Data section

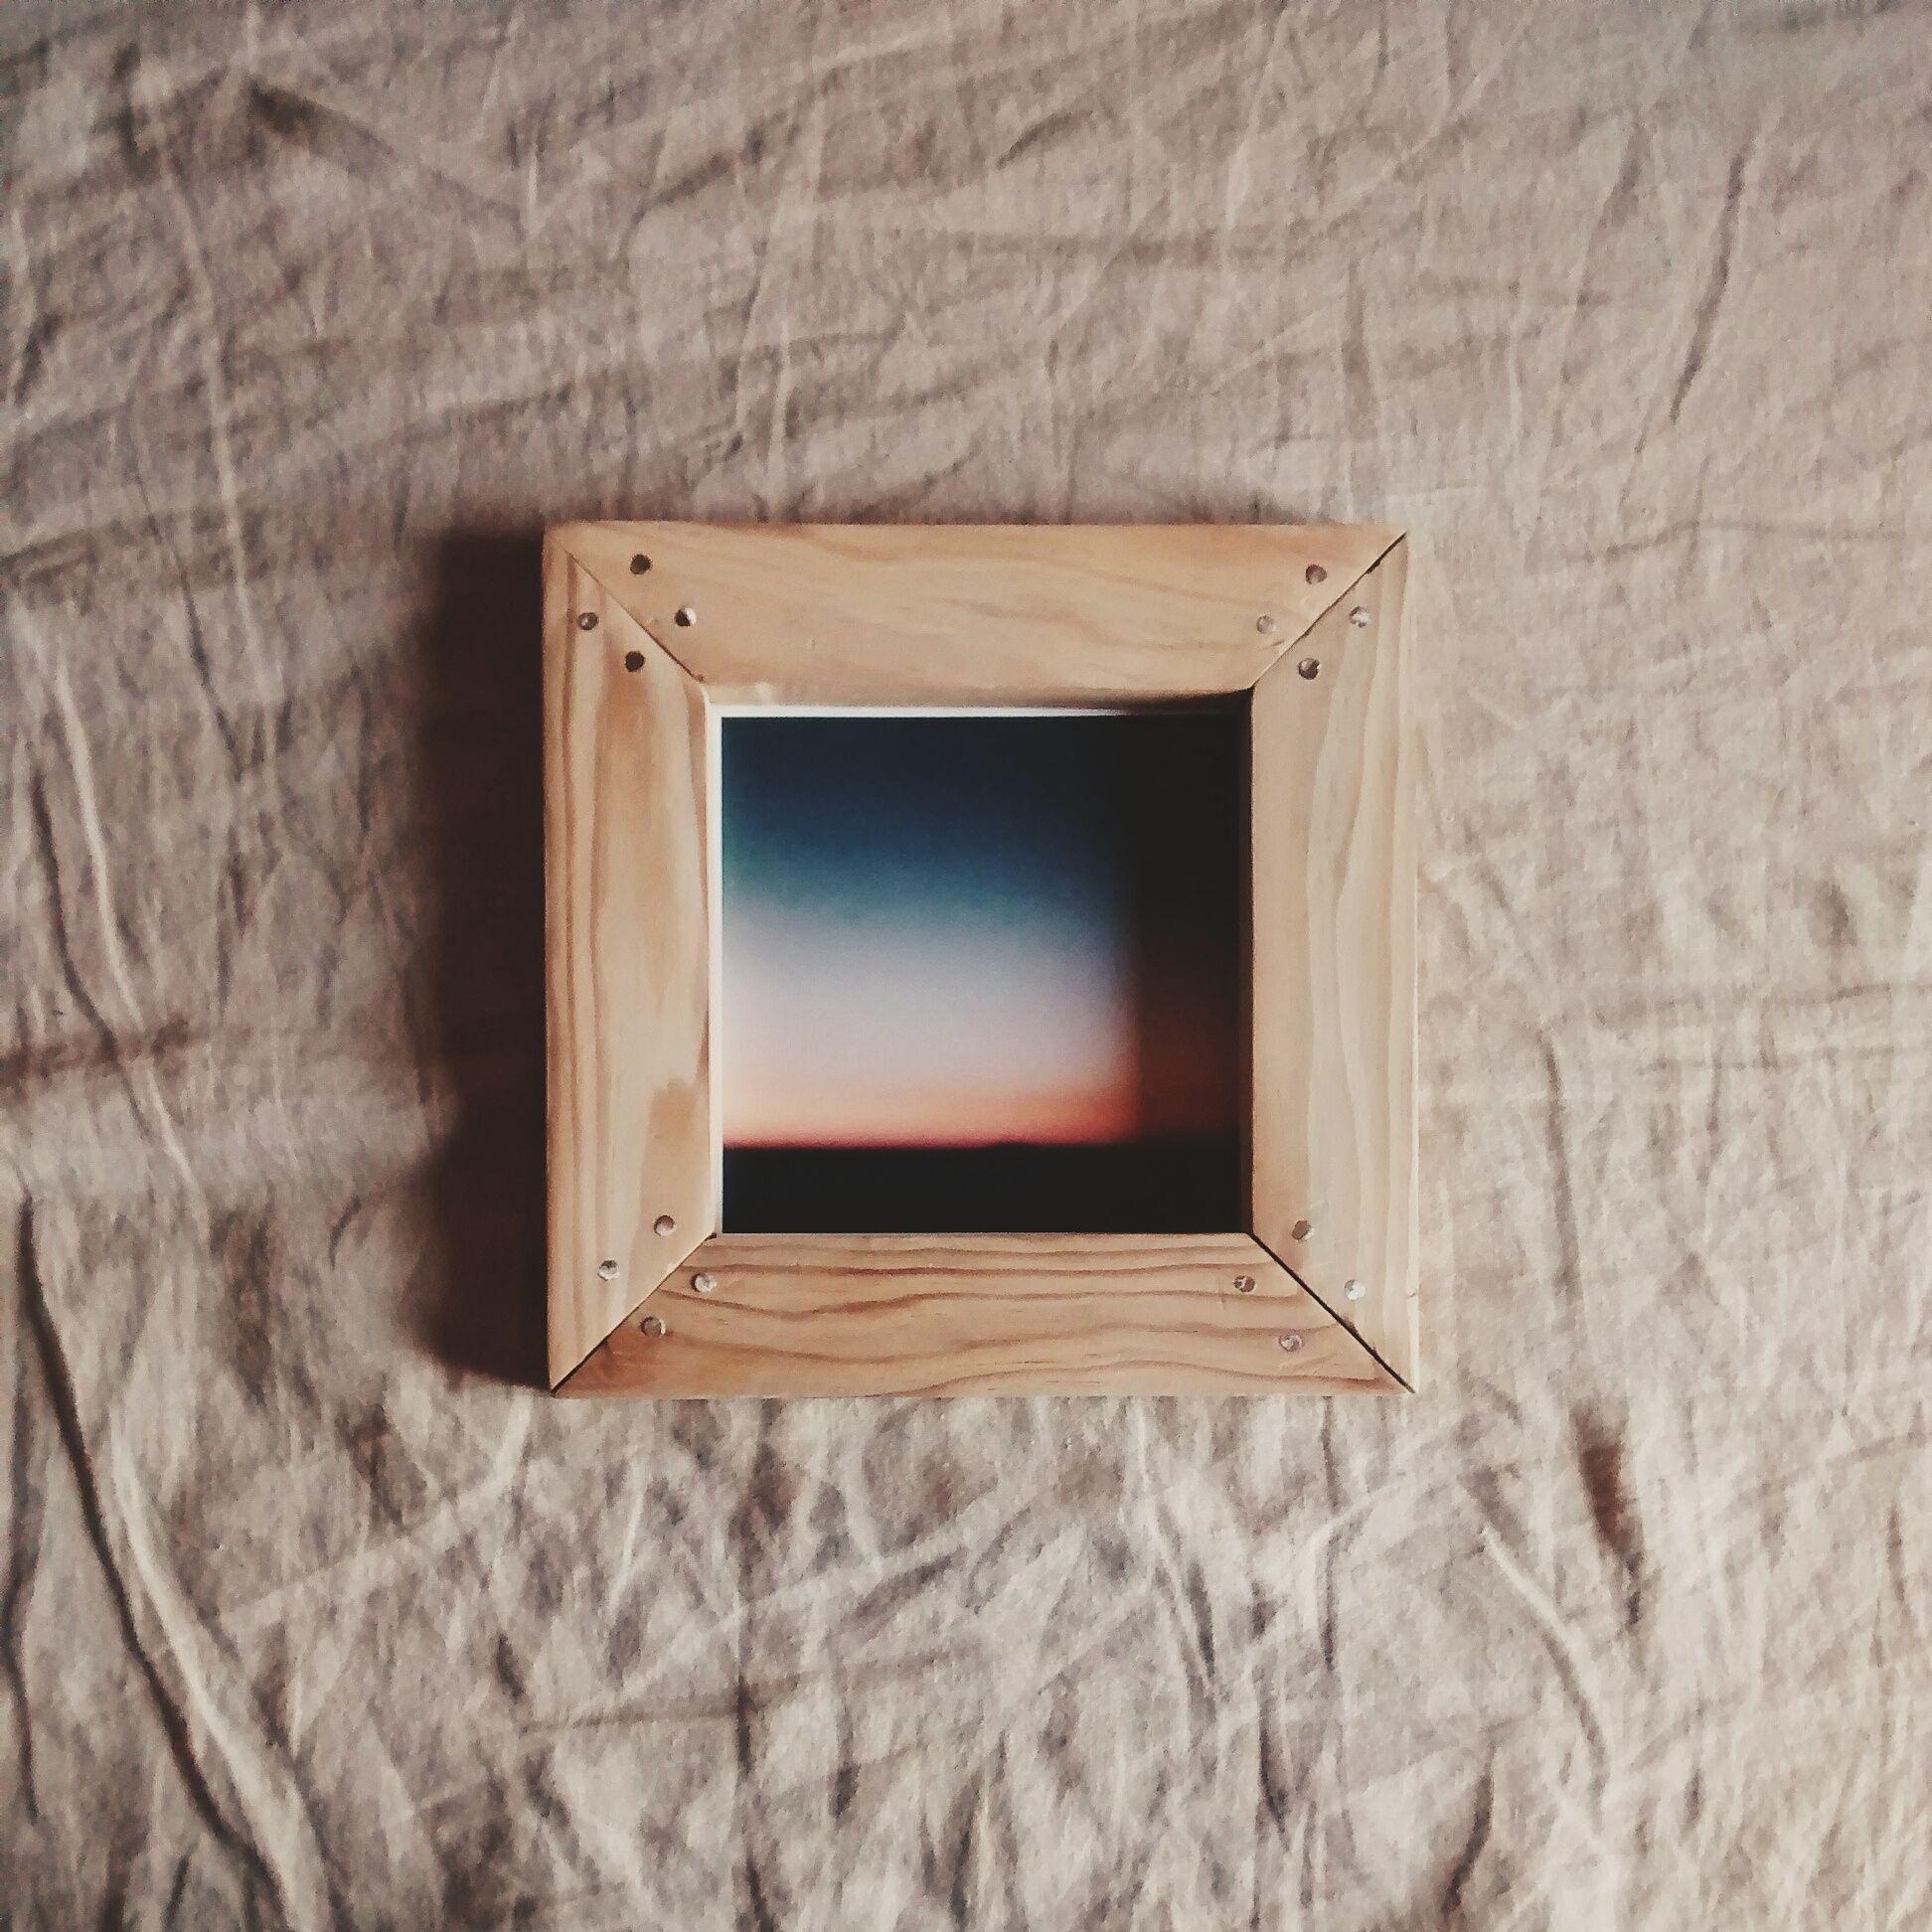 Marco madera palets inglete reciclar marcos marcos madera y palets Marcos fotos madera
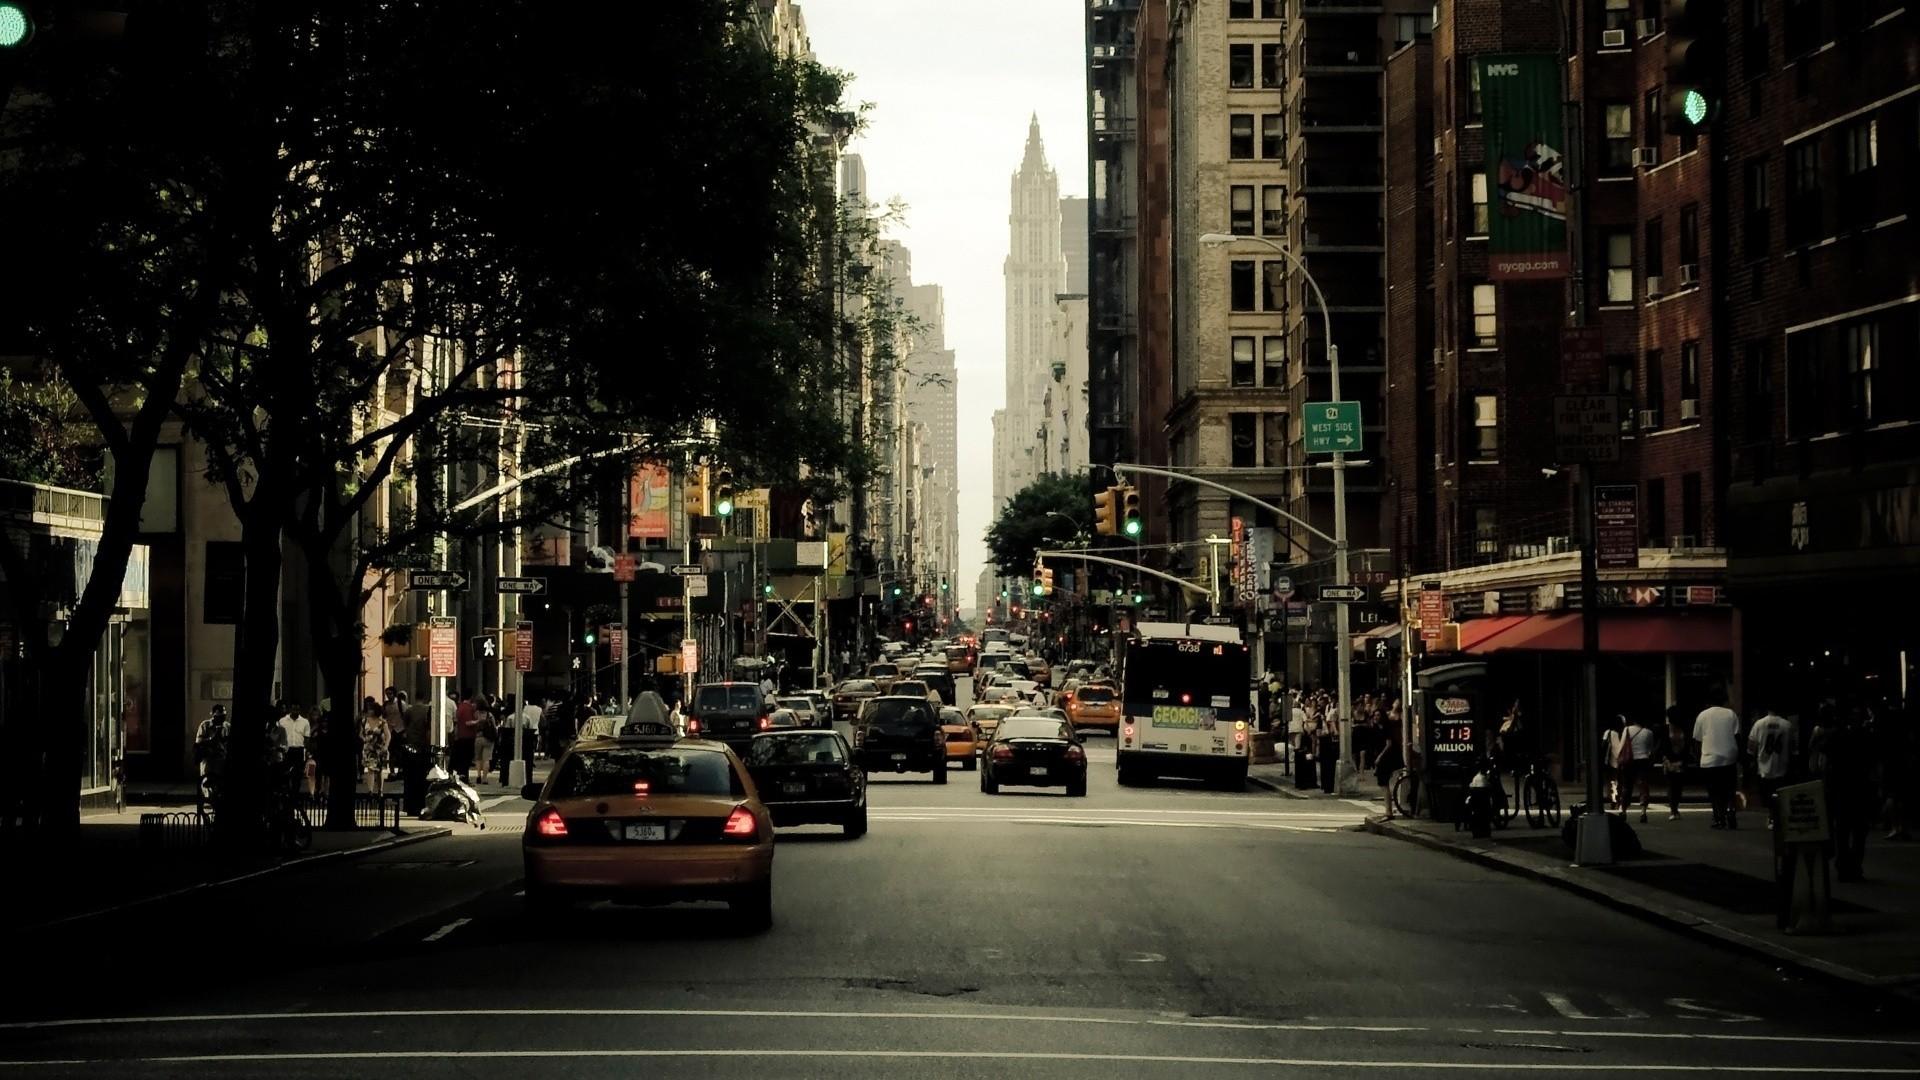 New York Hd Wallpaper Background Image 1920x1080 Id
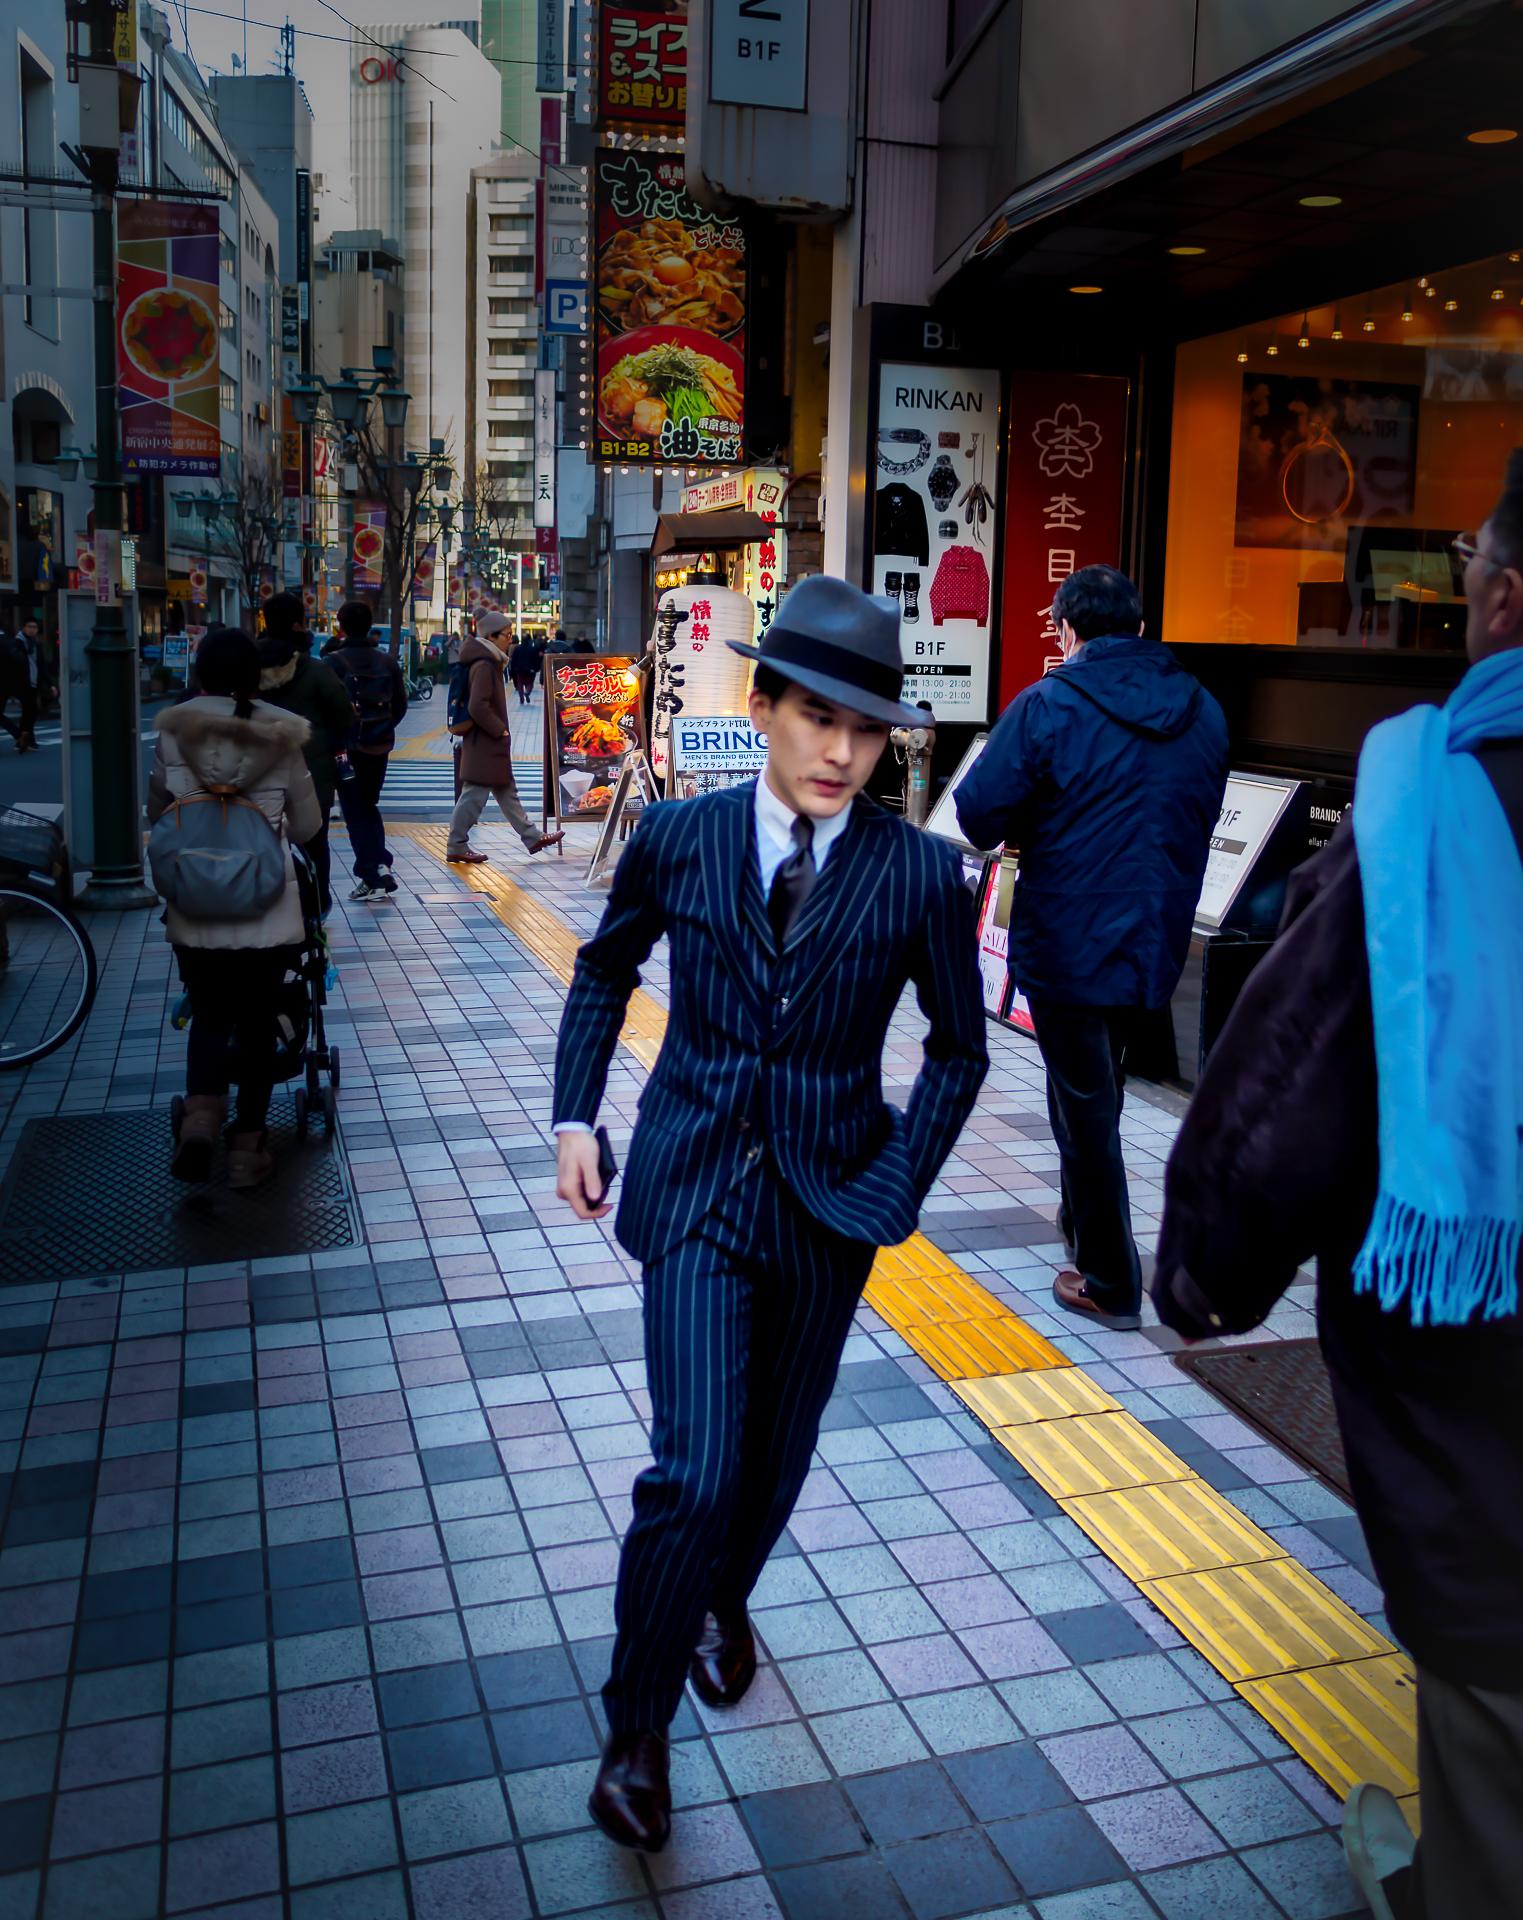 2018 .... A new Gangster in Shinjuku...

Task goal
Copy out the lines above in full and unaltered, apart from the pictures.

Reply to the exercise
 Marco madera palets inglete reciclar marcos marcos madera y palets Marcos fotos madera
 New York Hd Wallpaper Background Image 1920x1080 Id
 2018 .... A new Gangster in Shinjuku...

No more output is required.